The most crucial point with regards to the grid integration of PV systems is the grid side converter (GSC) which is based on power electronic technology. GSCs are still not capable of advanced control features that enable the full control of RES with FRT capabilities, reactive power support, and generation control. The major objective of this project is to develop a next-generation GSC (one for single- and one for three- phase systems) with advanced control and novel operational mode capabilities, which will benefit all stakeholders of PV systems in terms of:
- A seamless integration of PV systems in the power grid
- A further larger scale deployment of PV systems due to the several advantages of the new converters
- Possibilities to extend the GSC technology to other green technologies
- Maximization of the utilization of PV systems in order to improve the power system operation
- Increase of the incomes/returns from a solar energy investment for a self-sustainable market of PV systems.

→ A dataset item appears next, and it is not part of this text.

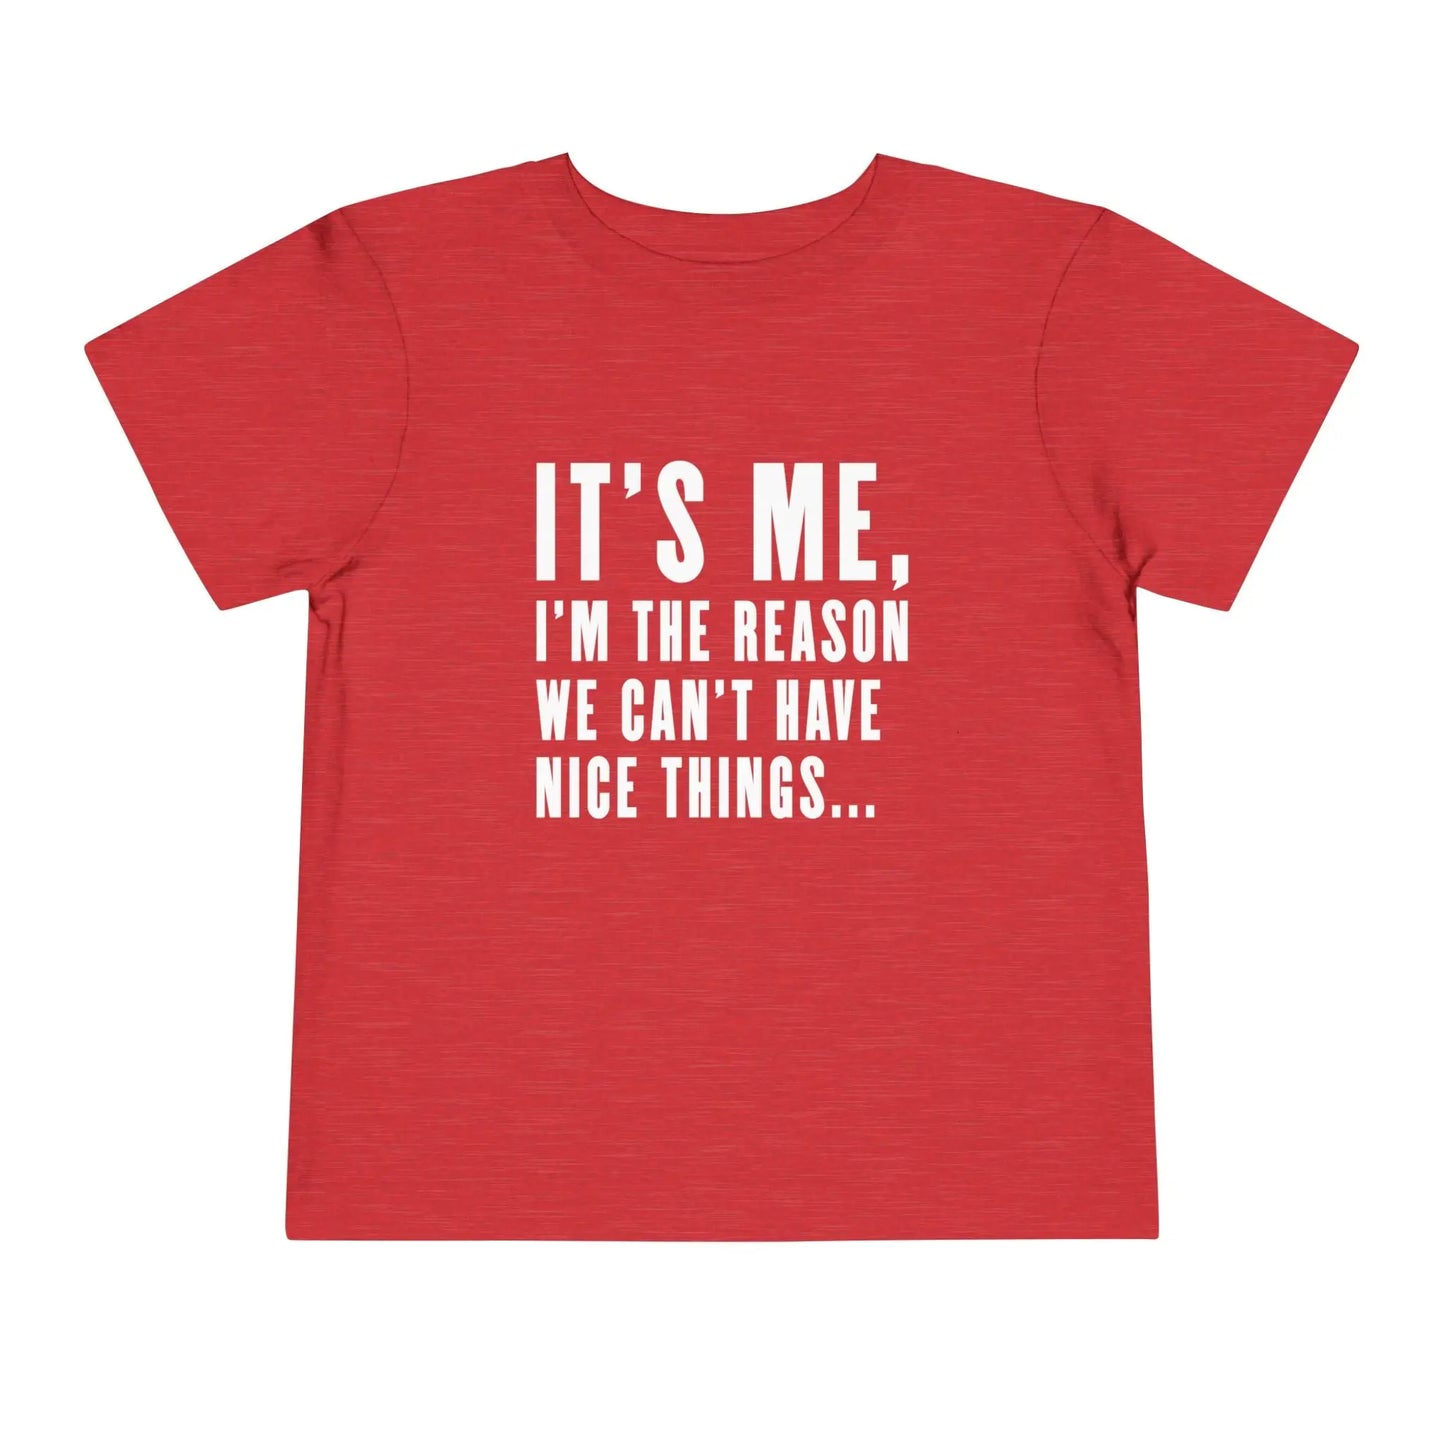 Can't Have Nice Things Toddler Tee - Wicked Tees

The GSCs designed and developed in this project will achieve an improved performance ensuring the proper grid integration of PV systems under any grid conditions. Additionally, the new GSCs will be enhanced with novel operational functionalities that will allow new operating approaches. The new operating modes will contribute to the development of multifunctional industrial products that can be used for the grid integration of several new technologies with emphasis on PV systems. The novel operational functionalities of the GSC will pave the way for a higher penetration of solar energy and will maximize the utilization of PV systems in order to:
- Enhance the value and increase the competiveness of PV systems
- Maximize the income of a solar project for a self-sustainable market of PV systems,
- Enhance the stability and reliability of power systems
- Improve the power quality and minimize the power losses of Distribution Networks (DN).
The project will clearly benefit the PV industry, the power system operator at distribution and transmission level, the investors on PV systems, the electricity consumer, and the environment. A cost-effective and smooth integration of considerably more PV systems will be achieved.
The successful completion of the project is guaranteed due to world-class/pioneer partners of a balanced and complementary consortium. The partners combine great expertise on the following areas: development of advanced methodologies for GSC, design and reliability of power electronics, and power system operation/power quality/stability and investment on energy market. The result of the project can be used to enable partners to enter into the PV industry by commercializing the results on novel single- and three- phase inverters for PV systems.